Yue and Mills propose a novel approach called ‘existential sensemaking’ to identity construction and organizational analysis by combining Weick’s sensemaking epistemology and Sartre’s phenomenological ontology. They suggest that in situations where the ordinary and ongoing sensemaking process fails, we ‘are presented with an opportunity for existential sensemaking’. This means that we are no longer dealing only with how we make sense of our world (epistemology) but also what the nature of our reality might be (ontology). Consequently, existential sensemaking shifts the focus from social to subjective, specifically, to the individual and their decision-making process in a particular situation. According to Yue and Mills, Sartre’s existential phenomenology with its emphasis on human free will to choose, responsibility, and the individual actor, offers ontological and ethical grounds for existential sensemaking. To illustrate their point, the authors analyze a case of a mountaineering expedition in the Andes, arguably as it captures an extreme situation, a question of life or death, that occurred.

Our discussion

The article prompted a lively discussion. In particular, we appreciated how the writers exploited Sartre’s existential phenomenology in their analysis. Putting the focus on the individual, their freedom, responsibility, and decisions based on ‘good faith’ has key relevance in many respects in practice and may have become – like Yue and Mills argue – too overlooked in social studies often focused on the role of structures. For instance, we discussed what is the meaning of scientific research today and whose concern is it whether we routinely conform to the publish or perish -mentality in academia. Many of us also pointed to the importance of better understanding the subjective perspective and inner dialogue alongside the social view and intersubjective dialogue. These came distinctive by the extreme decision-making moment (of Simon Yates cutting the climbing rope that connected him to his fellow mountaineer Joe Simpson, thus, sending Simpson to an almost certain death) depicted in the case study of the paper.
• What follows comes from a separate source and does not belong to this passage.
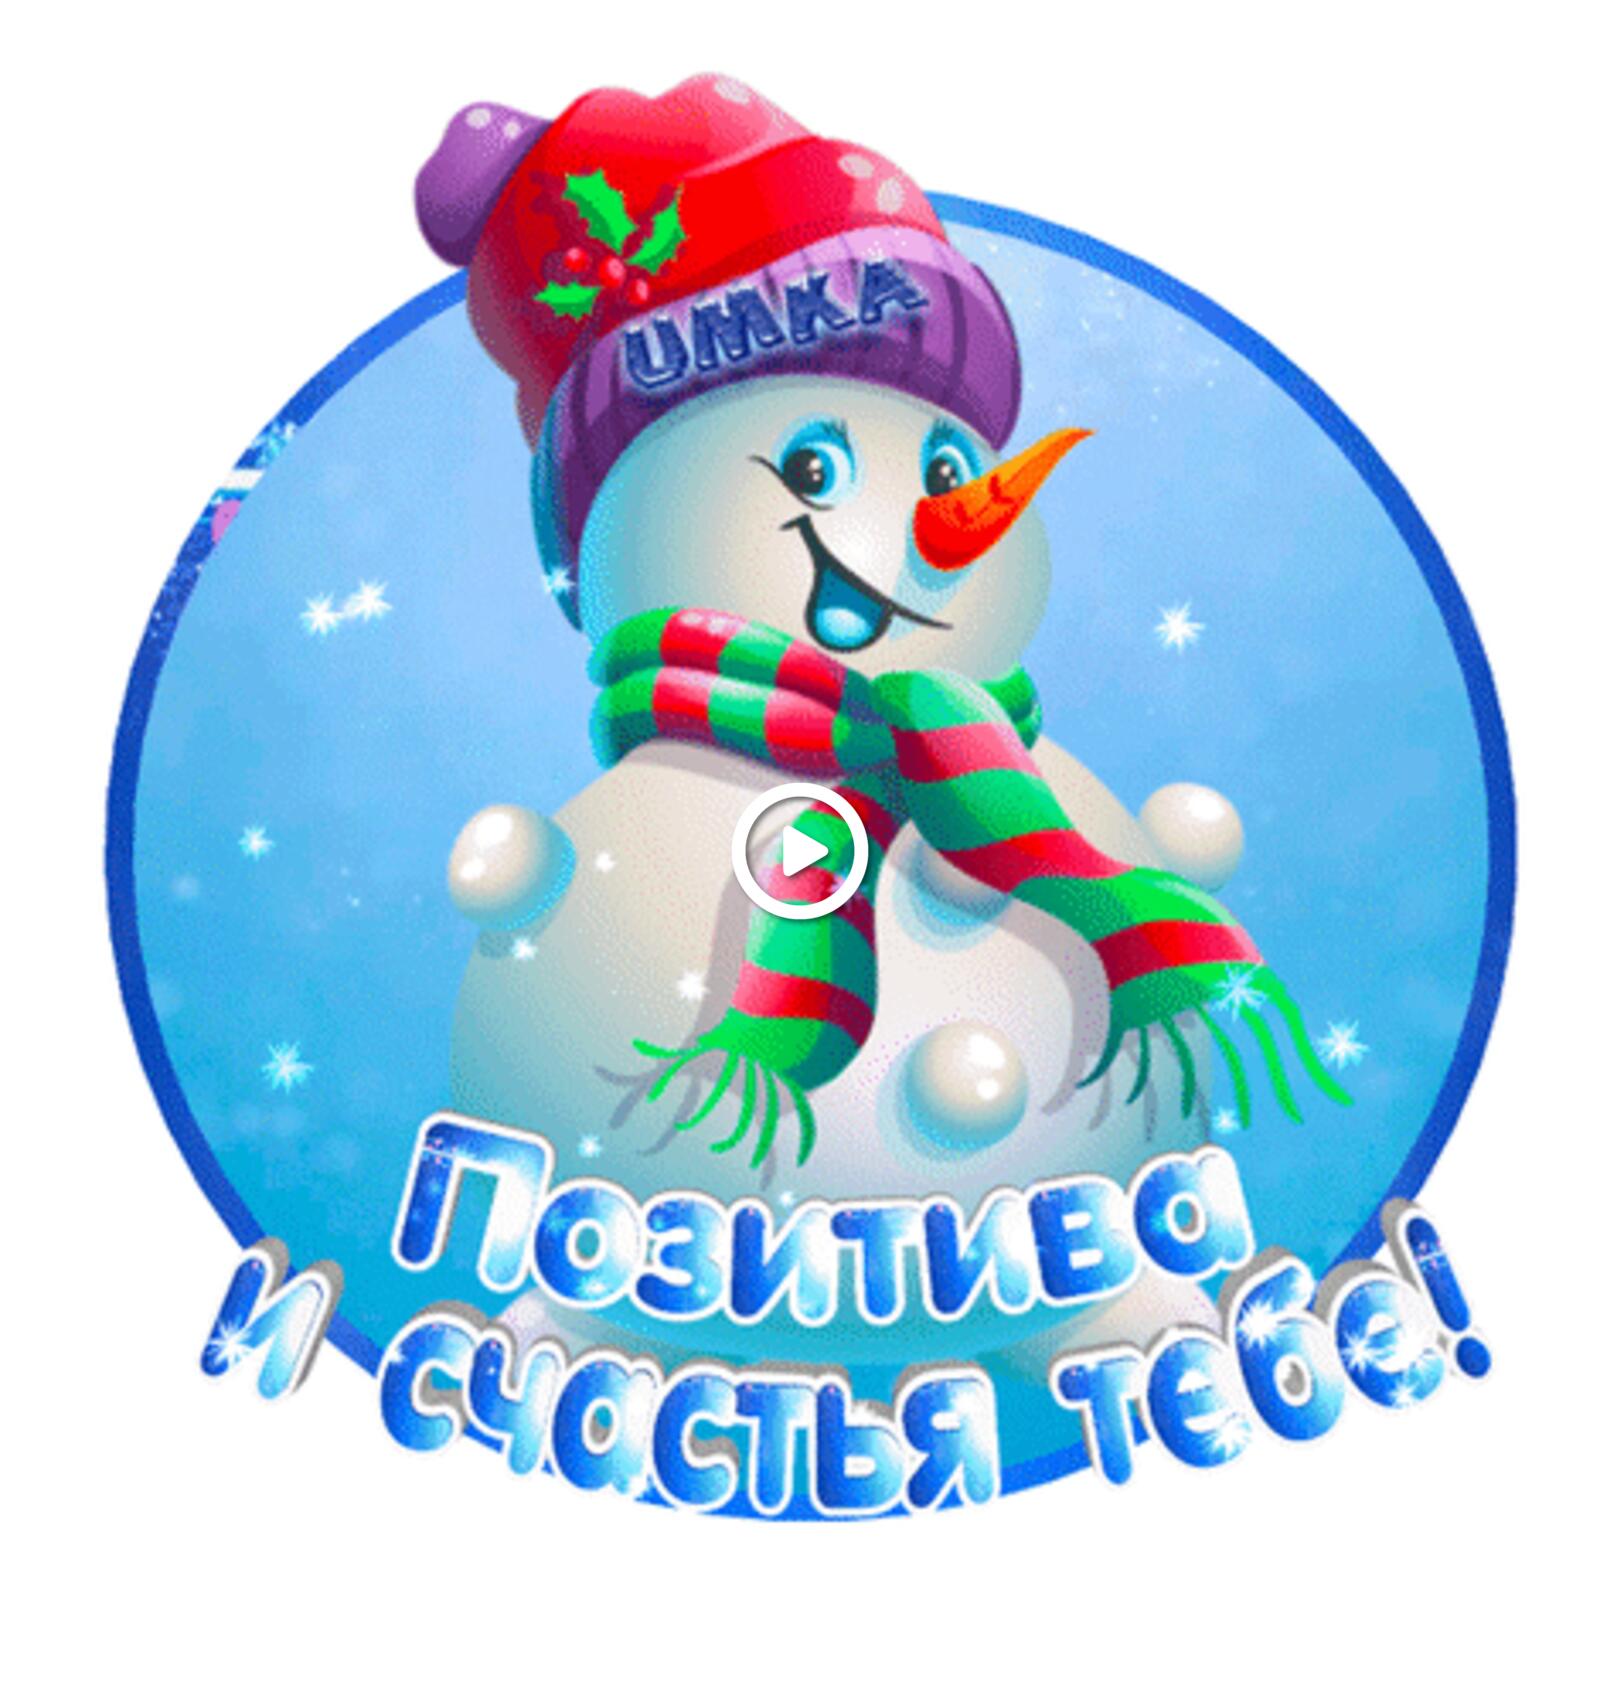 A postcard on the subject of snowman snowflakes good wishes for free
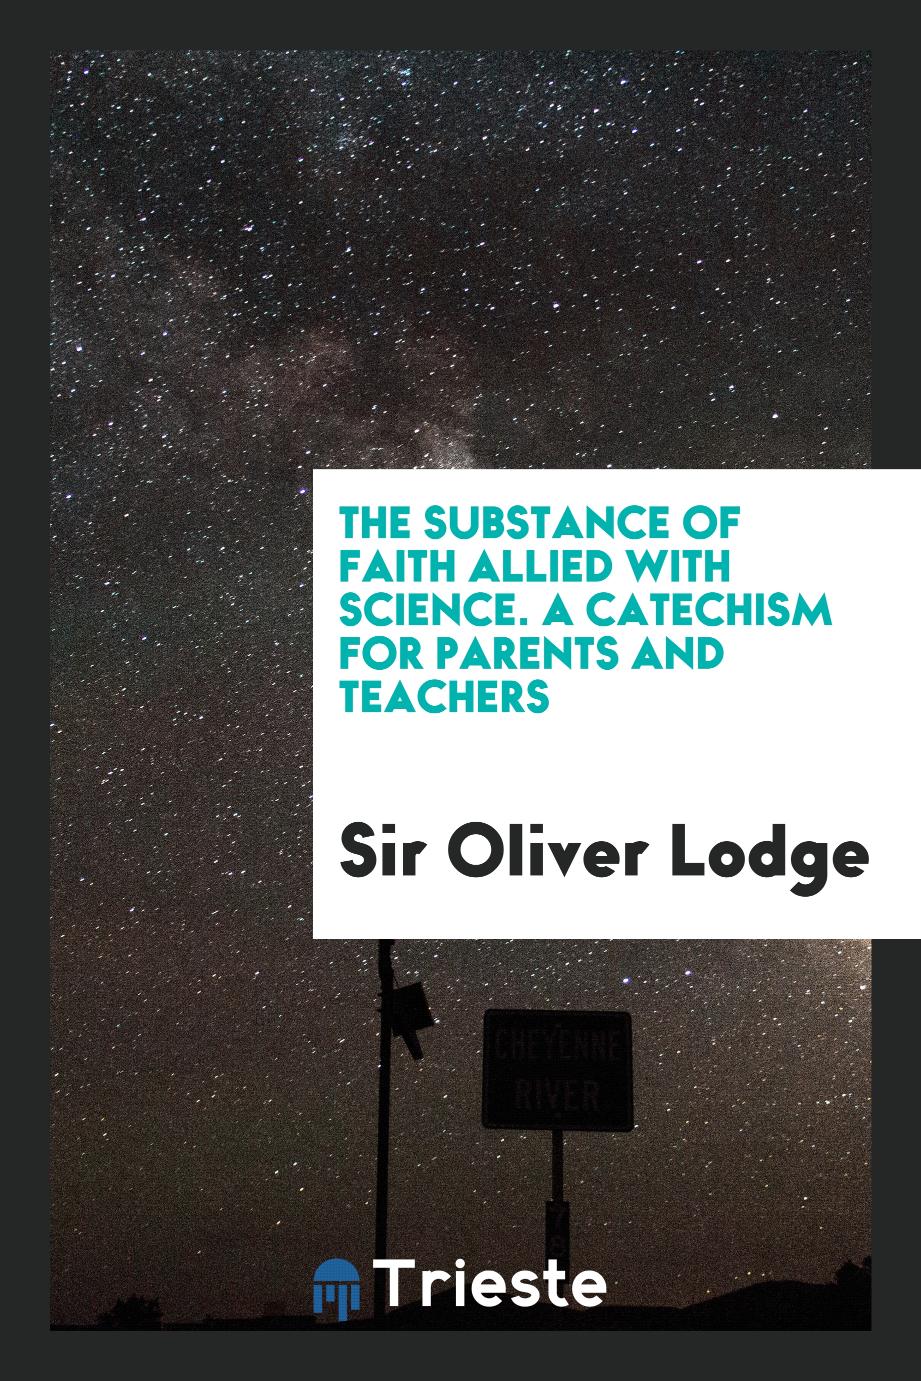 Sir Oliver Lodge - The substance of faith allied with science. A catechism for parents and teachers

While the topic of the paper, existential sensemaking, caught our interest, we agreed on expecting more from the article, especially with respect to conceptual clarity and theoretical contribution. What surprised us most was that no key concept was defined, not even existential sensemaking at the core of it. This led us to discuss what the authors actually mean with different notions, for instance, existential, essentialist or non-essentialist individual, ethical behavior, bad faith in relation to sensemaking. An especially intriguing debate emerged from our different approaches to human behavior in an extreme situation, how this relates to our understanding of essentialism and, consequently, to Sartre’s ontological concepts of ‘being in itself’ and ‘being for itself’. To our disappointment, the paper’s contribution to organizational literature remained vague.

Finally, we discussed the connection between existential sensemaking and identity construction process, arguably a central theme in the article. Whereas existential sensemaking seemed to fundamentally refer to the use of free will in decision-making, we could not follow how existential sensemaking was connected to identity construction – not least as that should be necessarily viewed as a process, not only a passing event. Instead of identity construction, we found the paper illustrating an identity break when something radical happens, thus, extending beyond retrospective and ordinary sensemaking and, in this case, calling for existential sensemaking. In accordance with Yue and Mills (footnote 15), we arrived at stressing that extreme or crisis context is perhaps actually not ‘required for the presentation of existential sensemaking’, rather, it might be quite ordinary!

To conclude, we would have hoped this compelling article had received at least one more revision before publishing, especially with regard to definitions and contributions. However, as a conversation trigger, it provided an excellent base. We welcome future research on existential sensemaking!